Nothing but the lines below from the one containing "Prevalence of rotavirus" through the one containing "Mars M&M's Fun" should appear in the answer, exact and without pictures.

_EXERCISE DATA_:
┄┄┄┄┄┄┄┄┄┄┄┄┄┄┄┄┄┄┄┄

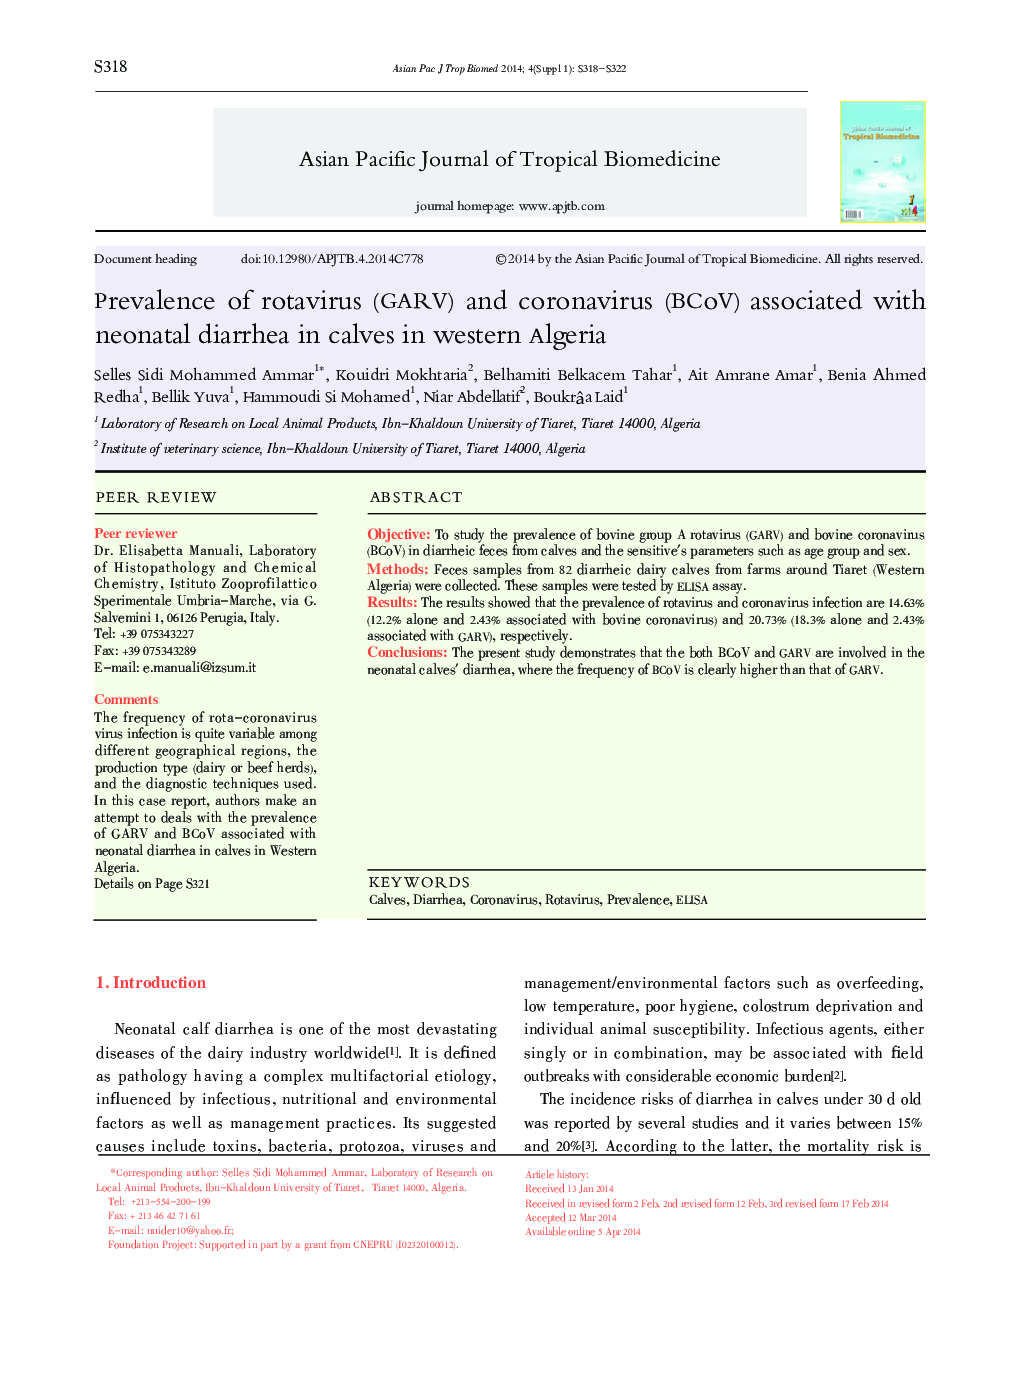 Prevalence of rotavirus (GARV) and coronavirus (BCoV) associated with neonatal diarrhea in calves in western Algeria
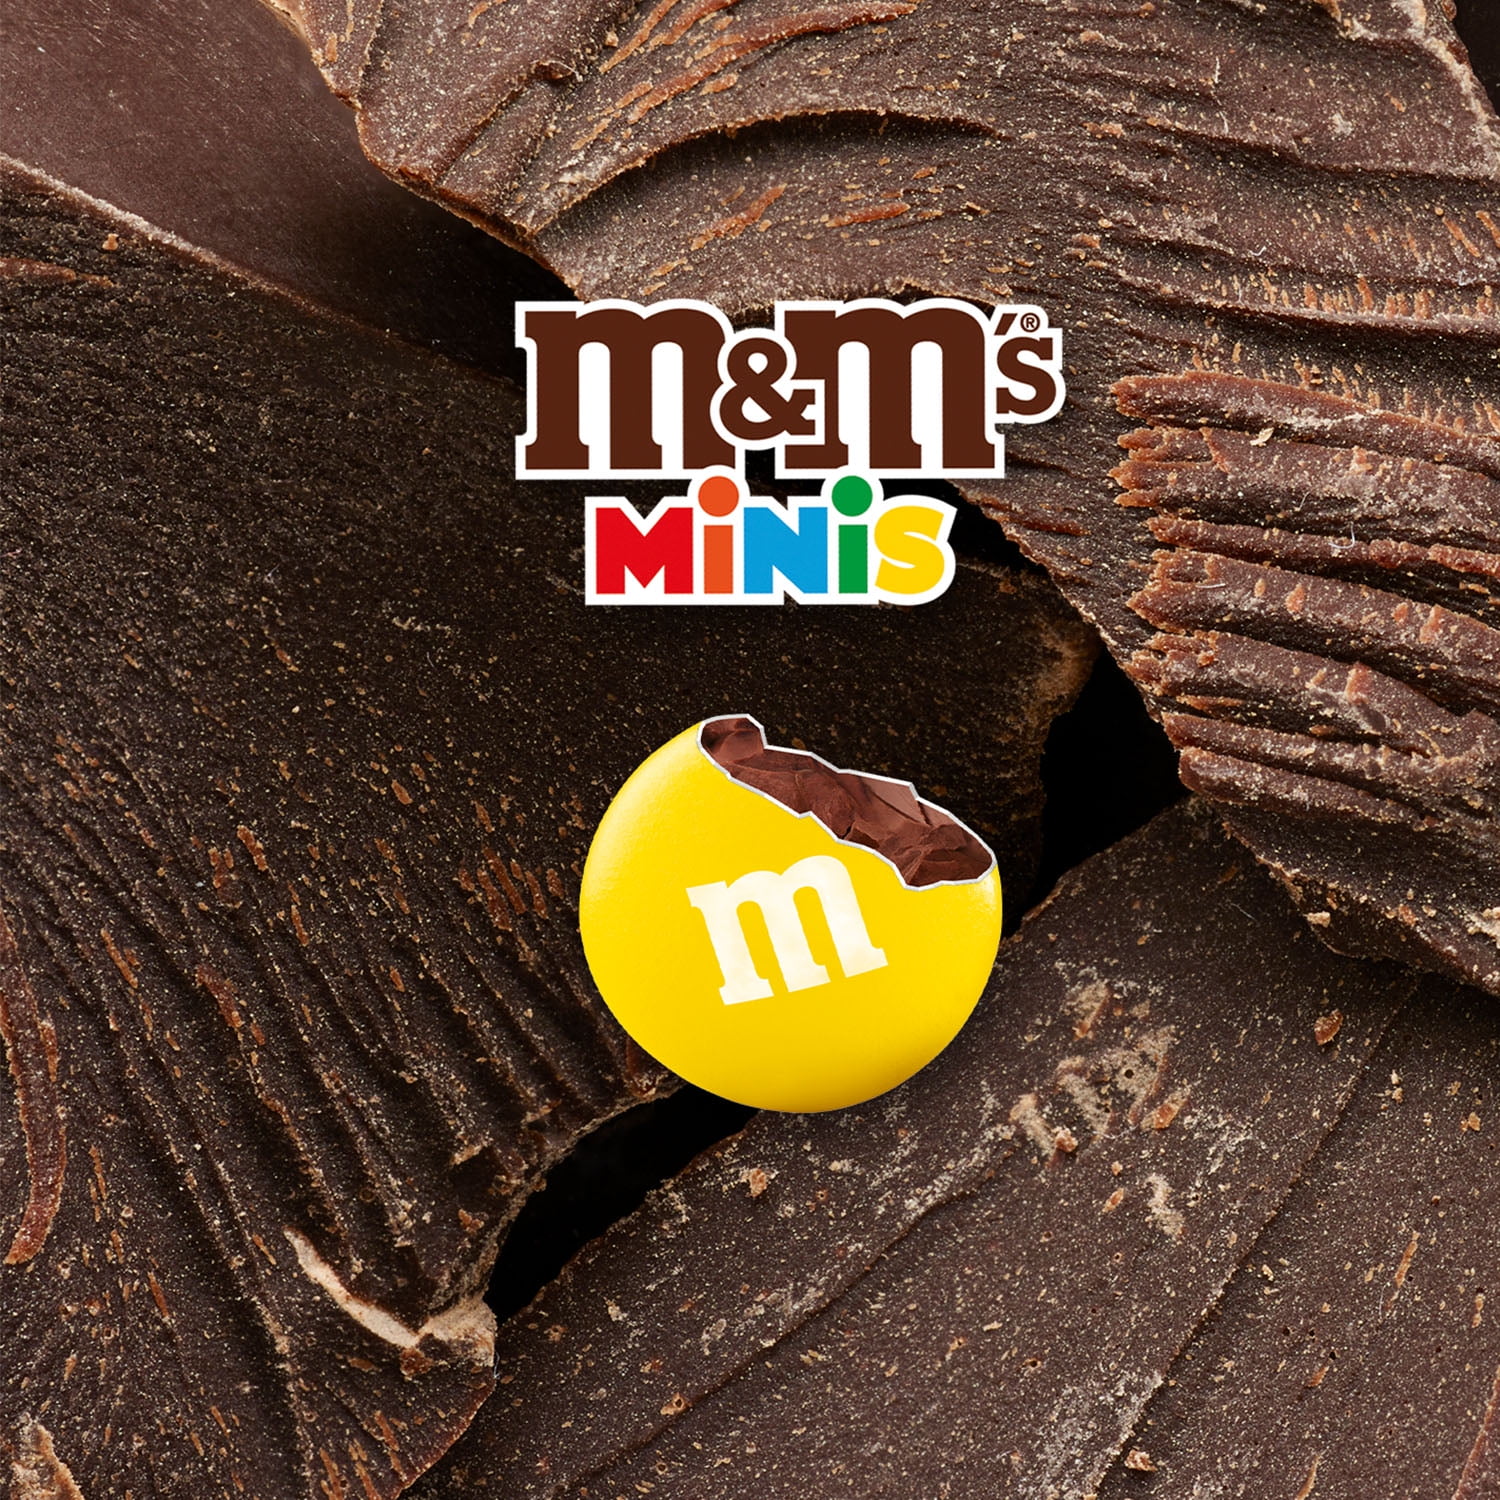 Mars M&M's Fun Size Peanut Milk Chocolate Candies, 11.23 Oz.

┄┄┄┄┄┄┄┄┄┄┄┄┄┄┄┄┄┄┄┄

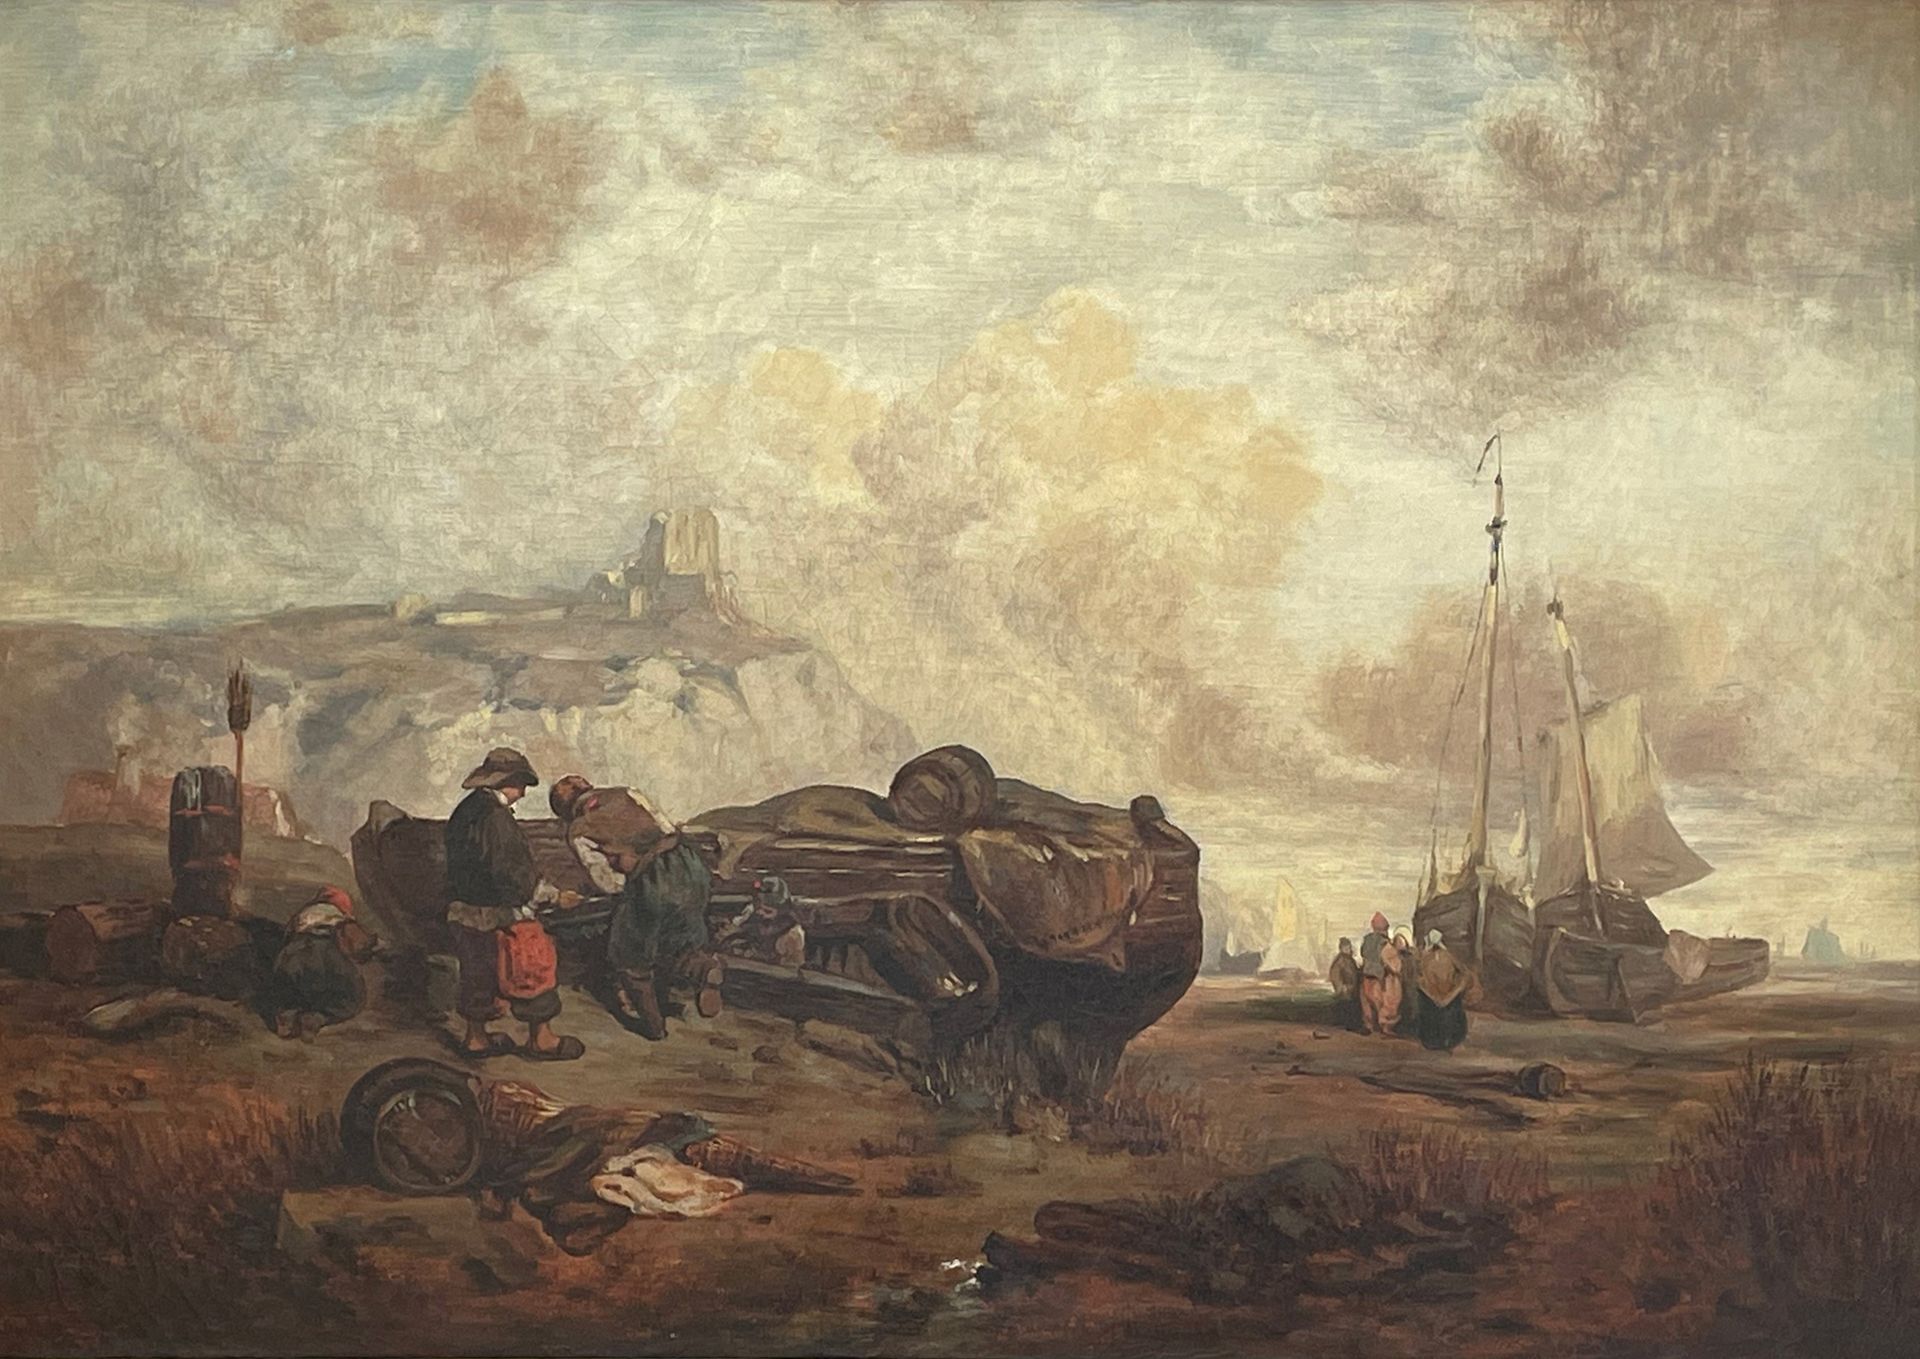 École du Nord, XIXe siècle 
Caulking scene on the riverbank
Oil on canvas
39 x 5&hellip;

┄┄┄┄┄┄┄┄┄┄┄┄┄┄┄┄┄┄┄┄

_ANSWER FOR THE TASK_:
 Prevalence of rotavirus (GARV) and coronavirus (BCoV) associated with neonatal diarrhea in calves in western Algeria
 Mars M&M's Fun Size Peanut Milk Chocolate Candies, 11.23 Oz.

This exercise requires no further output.